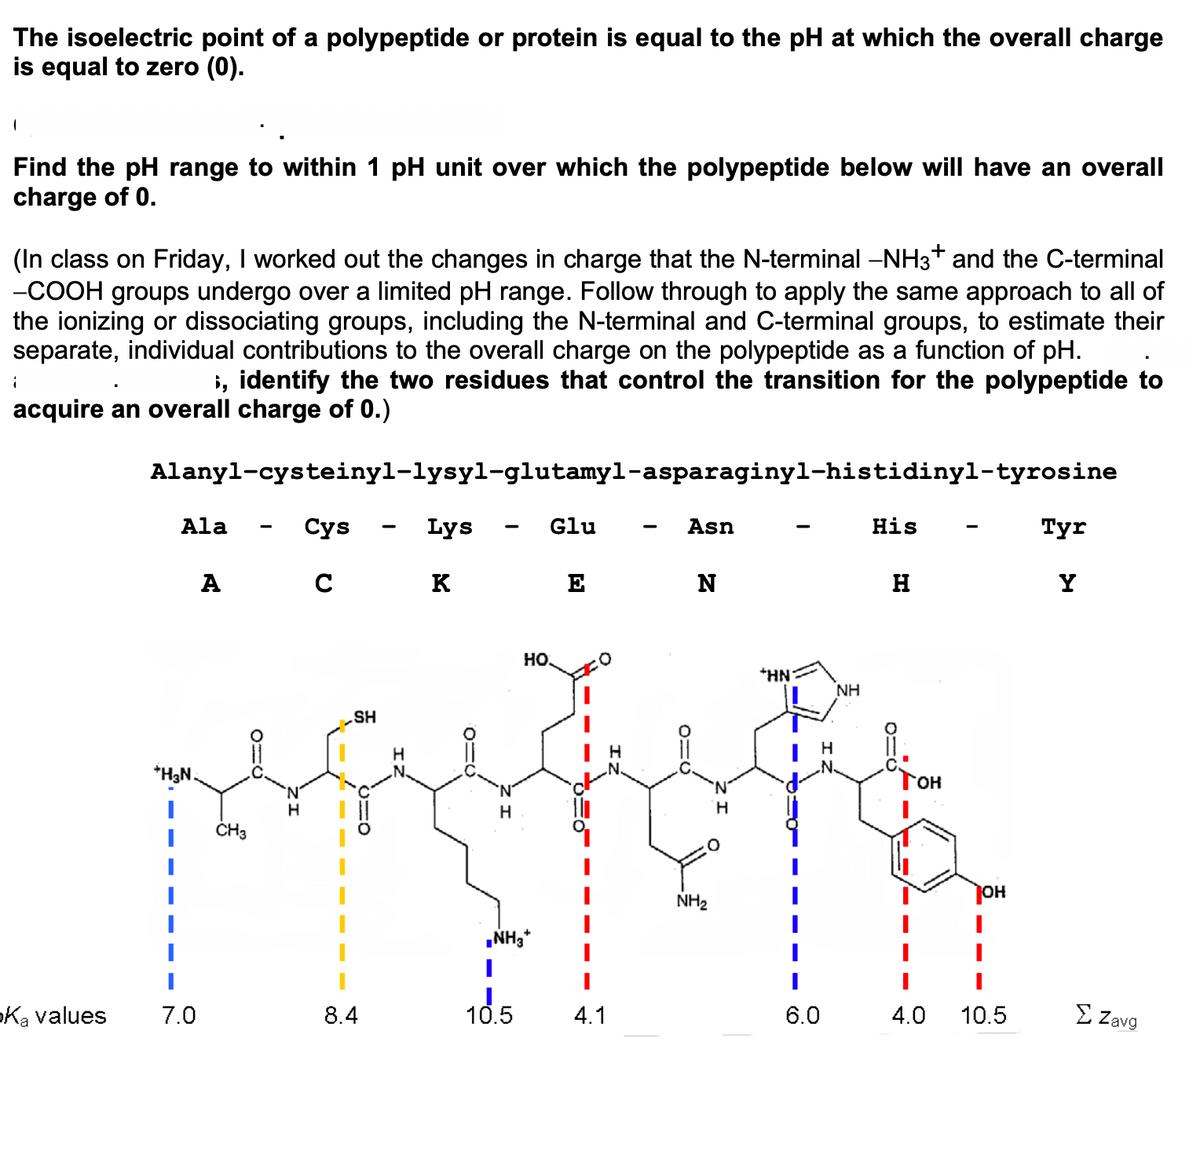 The isoelectric point of a polypeptide or protein is equal to the pH at which the overall charge
is equal to zero (0).
1
i
Find the pH range to within 1 pH unit over which the polypeptide below will have an overall
charge of 0.
(In class on Friday, I worked out the changes in charge that the N-terminal -NH3+ and the C-terminal
-COOH groups undergo over a limited pH range. Follow through to apply the same approach to all of
the ionizing or dissociating groups, including the N-terminal and C-terminal groups, to estimate their
separate, individual contributions to the overall charge on the polypeptide as a function of pH.
6, identify the two residues that control the transition for the polypeptide to
acquire an overall charge of 0.)
Alanyl-cysteinyl-lysyl-glutamyl-asparaginyl-histidinyl-tyrosine
Cys
-
Lys
-
Glu
Ala
-
A C
*H3N
CH3
.SH
H
K
H
HO.
E
-
Asn
His
-
Tyr
N
H
Y
O=0
■NH3*
NH₂
ΤΗΝ
NH
H
Тон
JOH
oka values
7.0
8.4
10.5
4.1
6.0
4.0 10.5
ΣZavg
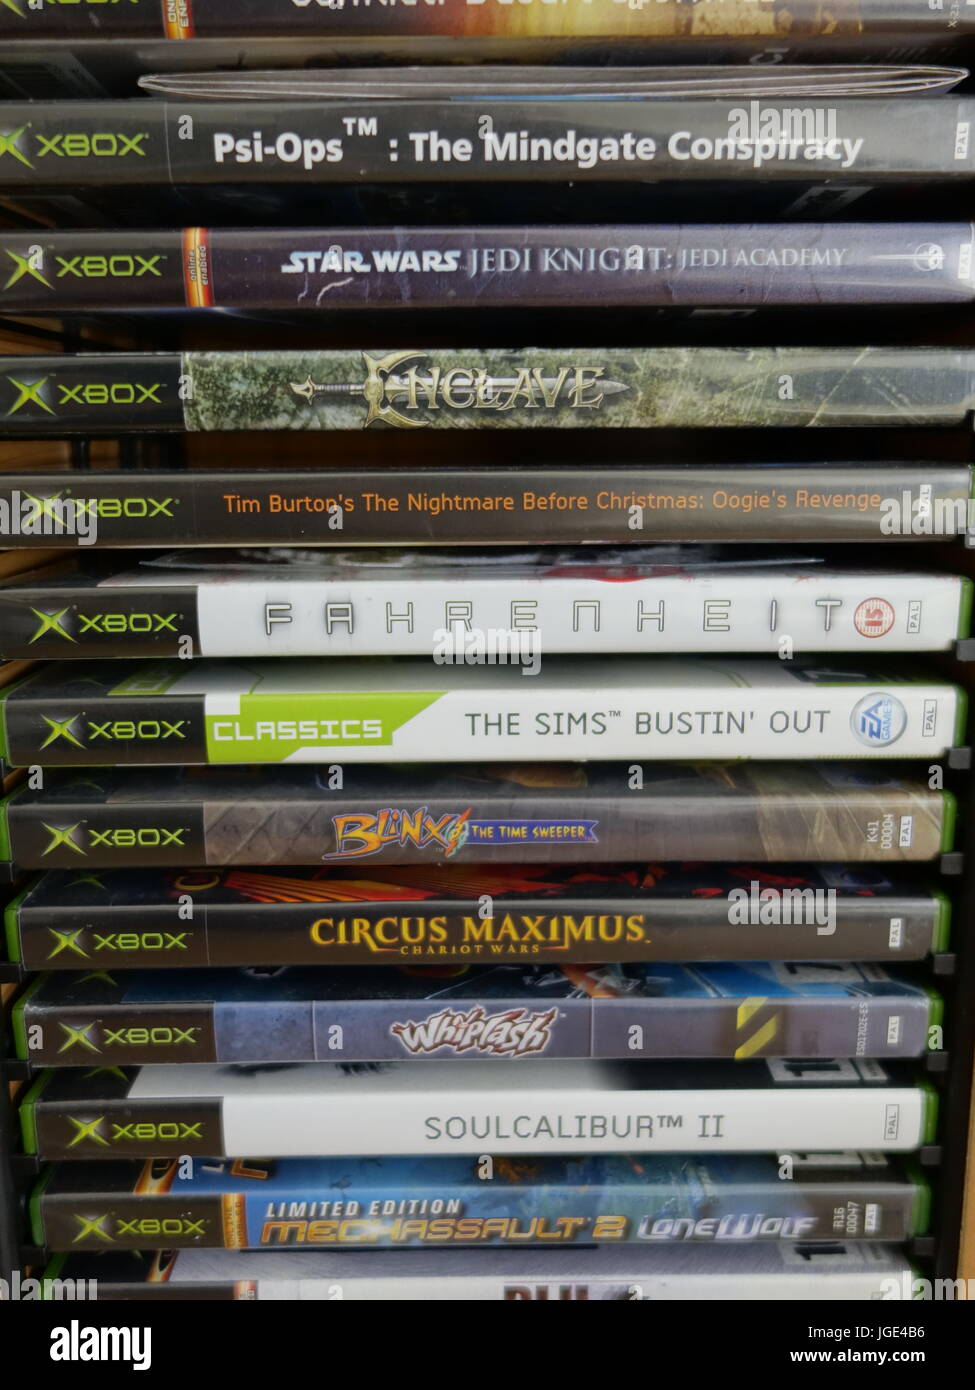 A collection of original Xbox games Stock Photo - Alamy
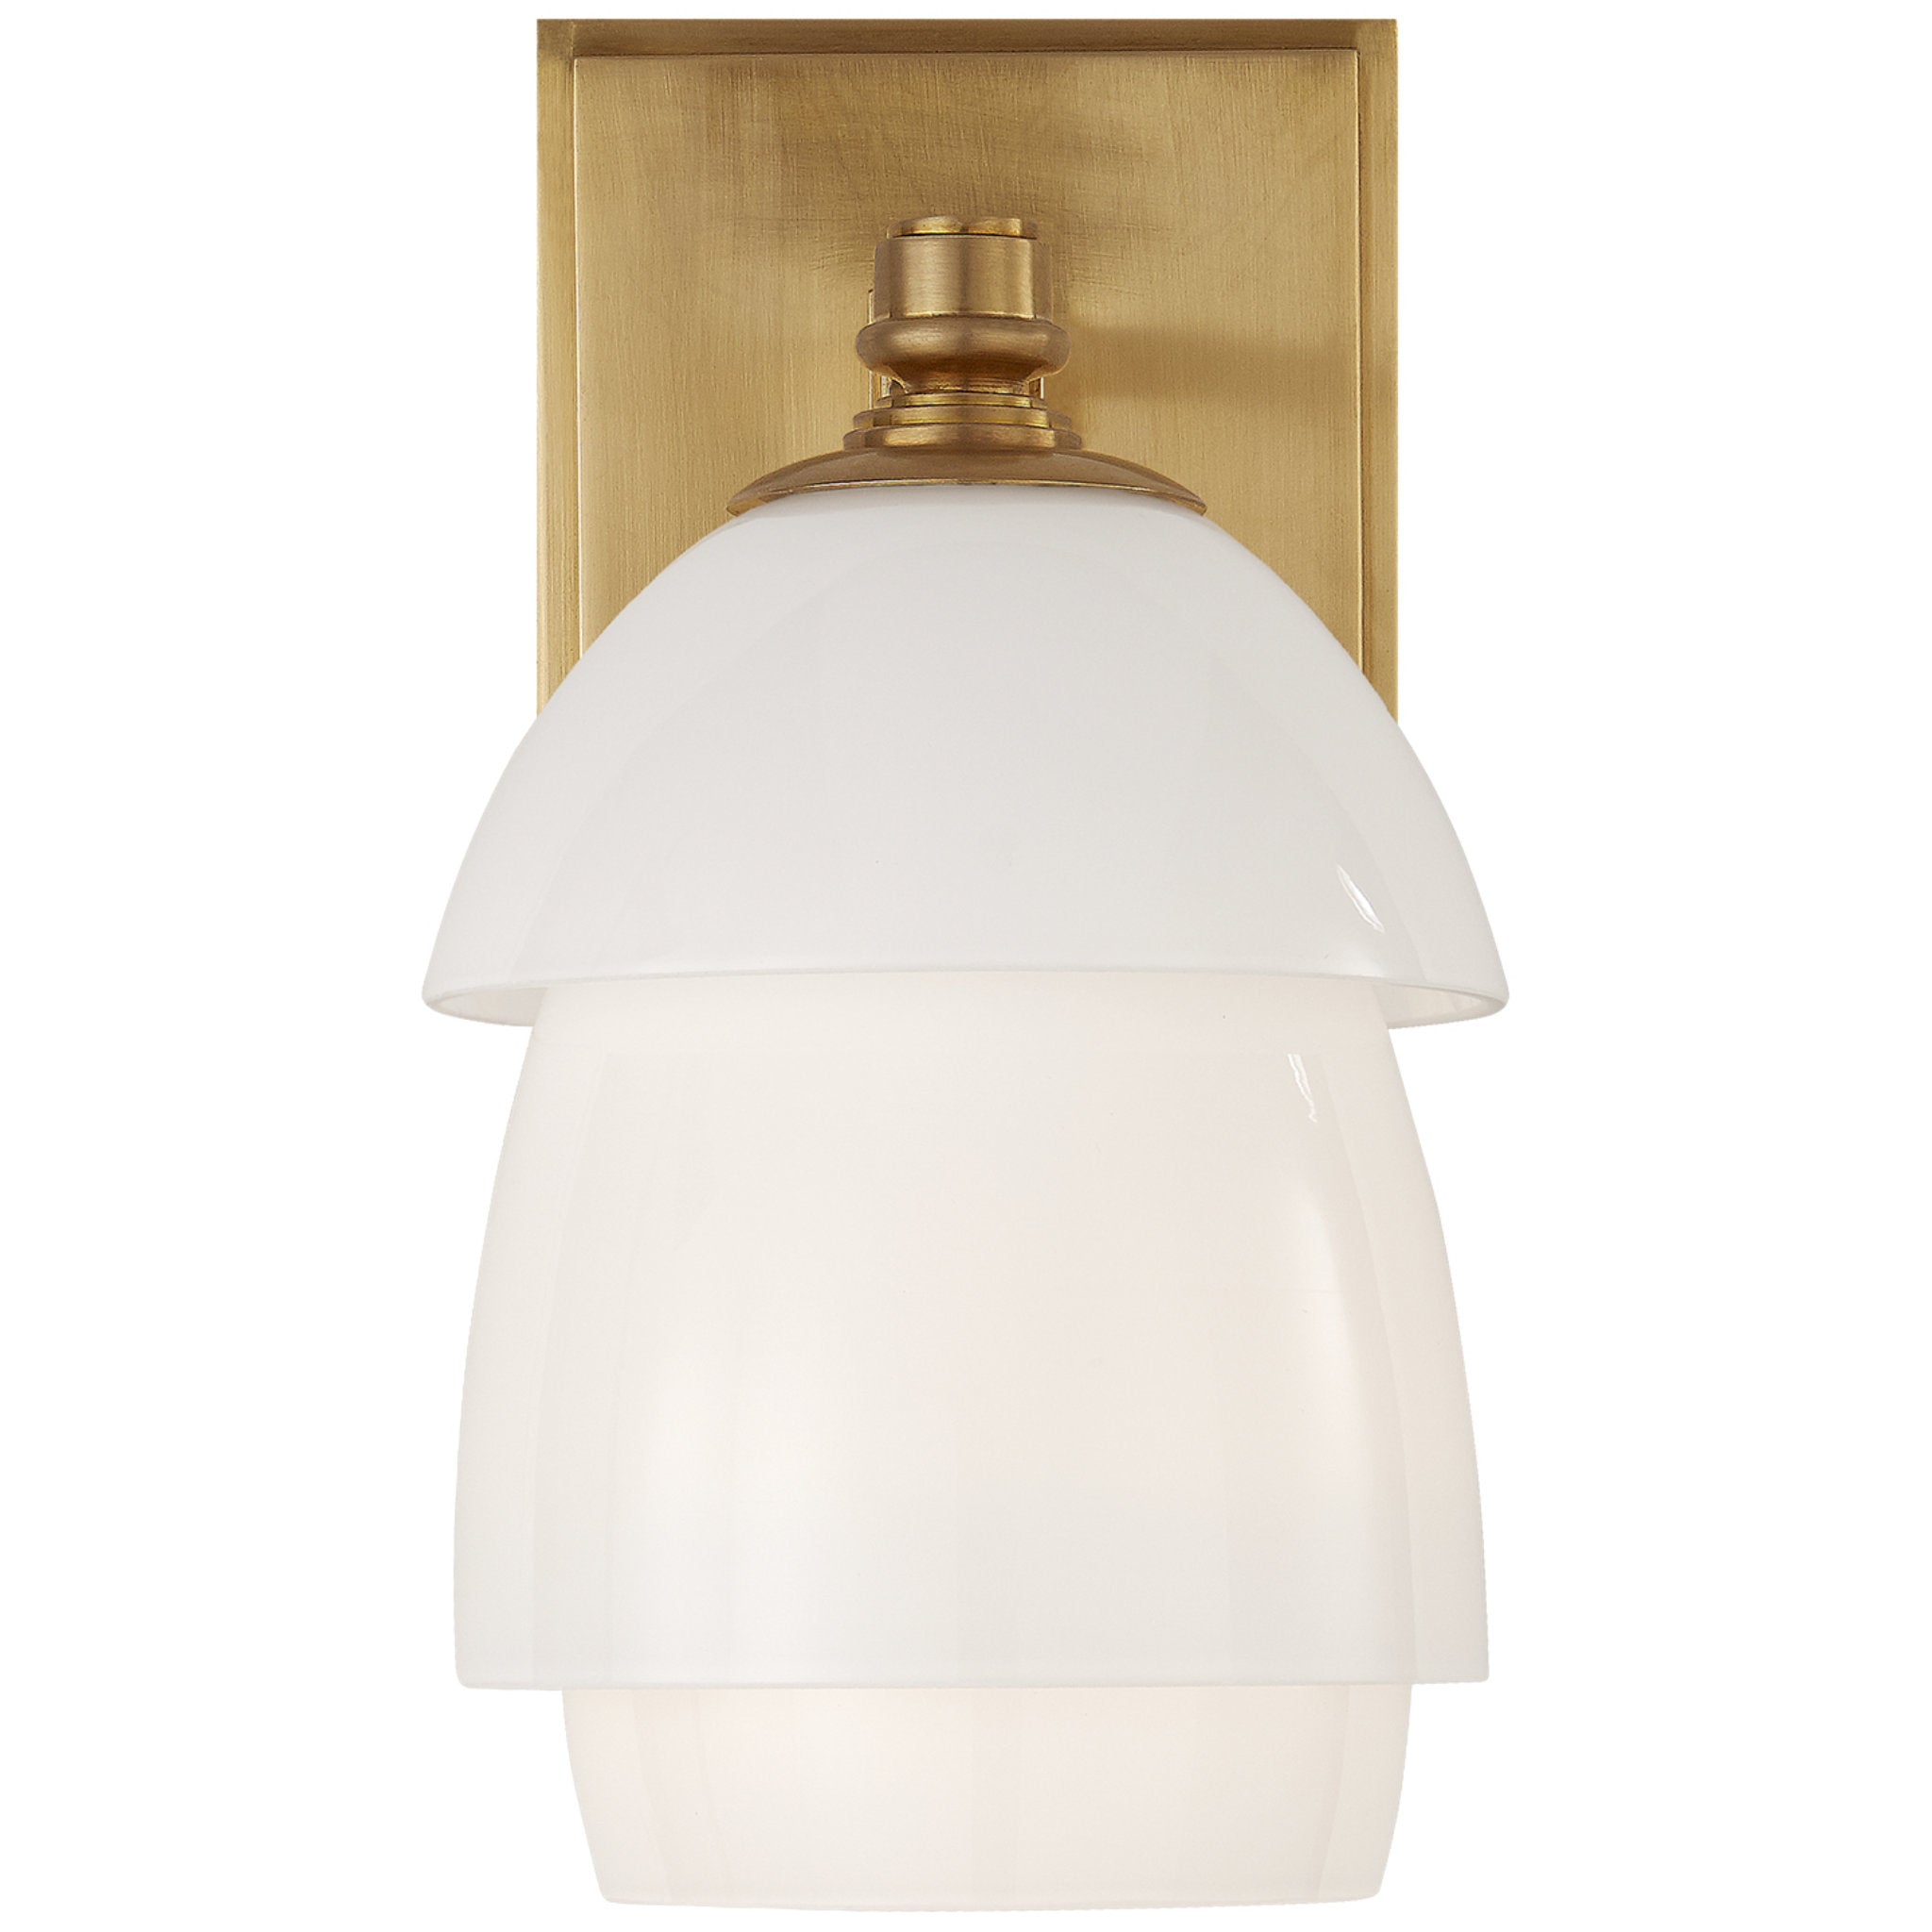 Thomas O'Brien Whitman Small Sconce in Hand-Rubbed Antique Brass with White Glass Shade
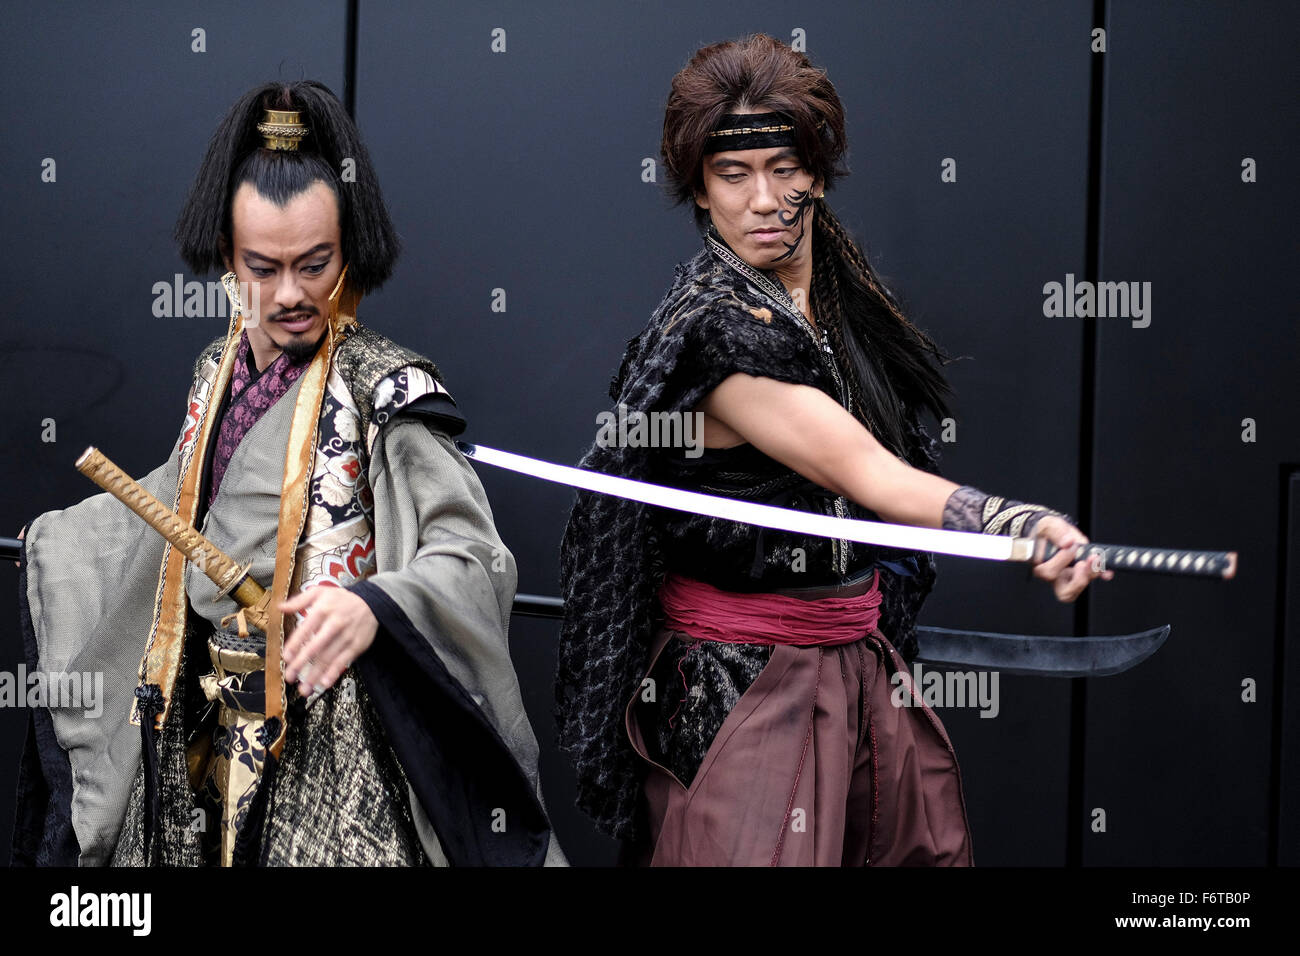 Photocall: The Japanese theatre company 30-DELUX present a samurai swordplay scene from their show KULI-KALA: REVENGE OF THE SAMURAI on 19/11/2015 at Crossrail Roof Gardens, Canary Wharf, London. Revenge of the Samurai is an action-packed tale of murder, revenge and magic featuring samurai swordplay, live music and song and a story of murder and revenge that opens at Stratford Circus on November 24th and runs till November 28th.. Picture by Julie Edwards Stock Photo

##############################

__What is needed__. Skip the pictures and output all entries exactly.

__Completed exercise__.
 The isoelectric point of a polypeptide or protein is equal to the pH at which the overall charge
is equal to zero (0).
1
i
Find the pH range to within 1 pH unit over which the polypeptide below will have an overall
charge of 0.
(In class on Friday, I worked out the changes in charge that the N-terminal -NH3+ and the C-terminal
-COOH groups undergo over a limited pH range. Follow through to apply the same approach to all of
the ionizing or dissociating groups, including the N-terminal and C-terminal groups, to estimate their
separate, individual contributions to the overall charge on the polypeptide as a function of pH.
6, identify the two residues that control the transition for the polypeptide to
acquire an overall charge of 0.)
Alanyl-cysteinyl-lysyl-glutamyl-asparaginyl-histidinyl-tyrosine
Cys
-
Lys
-
Glu
Ala
-
A C
*H3N
CH3
.SH
H
K
H
HO.
E
-
Asn
His
-
Tyr
N
H
Y
O=0
■NH3*
NH₂
ΤΗΝ
NH
H
Тон
JOH
oka values
7.0
8.4
10.5
4.1
6.0
4.0 10.5
ΣZavg
 A collection of original Xbox games Stock Photo - Alamy
 Thomas O'Brien Whitman Small Sconce in Hand-Rubbed Antique Brass with White Glass Shade
 Photocall: The Japanese theatre company 30-DELUX present a samurai swordplay scene from their show KULI-KALA: REVENGE OF THE SAMURAI on 19/11/2015 at Crossrail Roof Gardens, Canary Wharf, London. Revenge of the Samurai is an action-packed tale of murder, revenge and magic featuring samurai swordplay, live music and song and a story of murder and revenge that opens at Stratford Circus on November 24th and runs till November 28th.. Picture by Julie Edwards Stock Photo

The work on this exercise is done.